计算控制单元a_b2用于根据第二配置信息选择连接成所述数据直通通路以控制输入所述计算控制单元a_b2的数据在不被使能触发执行计算的前提下直接通过并传输给补偿单元a_b2、或选择连接成数据计算通路以控制输入所述计算控制单元a_b2的数据在执行计算后传输给补偿单元a_b2;图3所示的计算控制单元(a+1)_b3、计算控制单元(a-1)_b1也是在第二配置信息的作用下选择连接成所述数据直通通路和数据计算通路。其中,所述数据通路包括数据直通通路和数据计算通路。需要说明的是,所述计算控制单元所执行的计算类型包括加减法、乘法、除法、开方、三角计算,这些具体的计算操作是在计算控制单元连接成数据计算通路时执行的,且耗费一定的时间而产生对应计算类型的的流水线深度,比如:计算控制单元为加减法器时,若连接成数据计算通路则将其流水线深度配置为1;计算控制单元为乘法器时,若连接成数据计算通路则将其流水线深度配置为4;计算控制单元为除法器时,若连接成数据计算通路则将其流水线深度配置为6;计算控制单元为开方器时,若连接成数据计算通路则将其流水线深度配置为4;计算控制单元为三角函数计算器时,若连接成数据计算通路则将其流水线深度配置为12;当计算控制单元连接成数据直通通路时,代表数据直通,直接连接到相邻的后一级计算阵列,则将计算控制单元的流水线深度配置为0。需要注意的是,每一级计算阵列内的计算控制单元的类型不全相同、或全部相同;其中,相邻两级计算阵列之间的计算控制单元的类型不全相同、或全部相同。在本实施例中,每一级计算阵列内的所述计算控制单元的类型与个数,可根据具体的应用领域与性能需求加以调整,在此基础上,所述可重构阵列通过改变计算模块的加减乘除计算方式,使得所述可重构阵列互联的各级计算控制单元适用于多种算法,可根据不同算法的需求进行灵活配置,从而改变了传统的计算阵列中一个算法配合一个固定阵列的模式,极大的提高了计算成本和效率。
优选地,所述第二配置信息也是一种选通信号,用于控制所述第一互联单元传输的数据在所述数据直通通路和所述数据计算通路之间选通输出,以满足所述算法在所述数据通路流水线结构的每一级流水线的计算需求;其中,计算控制单元采用数据选择器和算术逻辑电路实现,数据选择器的选通端是接收第二配置信息,算术逻辑电路所能执行的运算对应上述实施例的加减法、乘法、除法、开方、三角计算;算术逻辑电路的输入端连接上数据选择器的数据输出端,数据选择器用于根据所述第二配置信息将所述第一互联单元传输的数据在所述数据直通通路和所述数据计算通路之间切换输出,以满足所述算法在所述数据通路流水线结构的每一级流水线的计算需求。从而确定计算控制单元当前是否执行计算功能。

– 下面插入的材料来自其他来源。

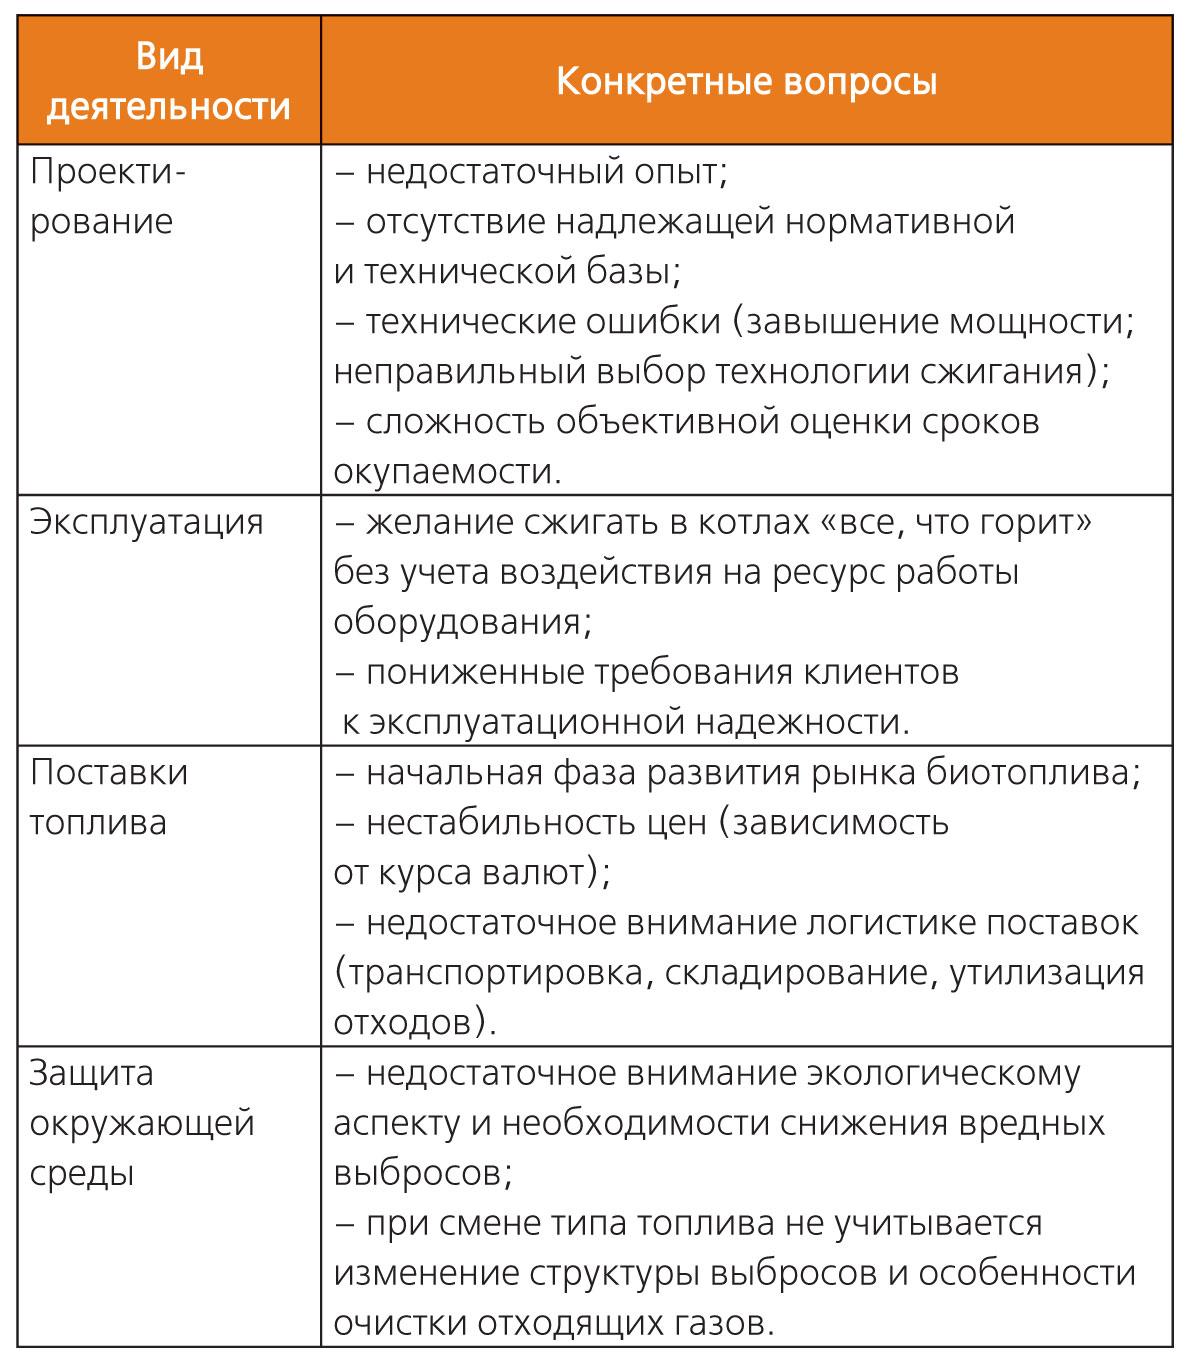 nacionalni_osoblivosti_tverdopalivnih_tehnologii_18.jpg

补偿单元用于根据第三配置信息选择相应的延时差值将所属的计算模块的流水线深度延时补偿为当前一级计算阵列所允许的最大流水线深度,本实施例是将所述计算控制单元的流水线深度加上所述补偿单元补偿的延时差值对应的流水线深度,获得的和值为当前一级计算阵列所允许的最大流水线深度;其中,当前一级计算阵列所允许的最大流水线深度是数据流经所述数据通路流水线结构的当前一级流水线所耗费时间最大的计算控制单元的流水线深度;因此,图3所示的补偿单元(a+1)_b3将计算控制单元(a+1)_b3的输出数据(理解为计算结果)进行延时处理,将计算模块(a+1)_b3的流水线深度补偿为第(a+1)级计算阵列所允许的最大流水线深度;若计算控制单元(a+1)_b3在第(a+1)级计算阵列中连接形成的数据计算通路中计算传输所耗费的时间,是第(a+1)级计算阵列中所有连接为通路的计算控制单元中最大的,则补偿单元(a+1)_b3产生的延时差值为0,视为不对计算控制单元(a+1)_b3进行延时补偿,使得第(a+1)级计算阵列所允许的最大流水线深度等于计算控制单元(a+1)_b3的流水线深度。同理,在确定第a级计算阵列所允许的最大流水线深度后,补偿单元a_b2也对计算控制单元a_b2执行类似的延时处理;在确定第(a-1)级计算阵列所允许的最大流水线深度后,补偿单元(a-1)_b1也对计算控制单元(a-1)_b1执行类似的延时处理。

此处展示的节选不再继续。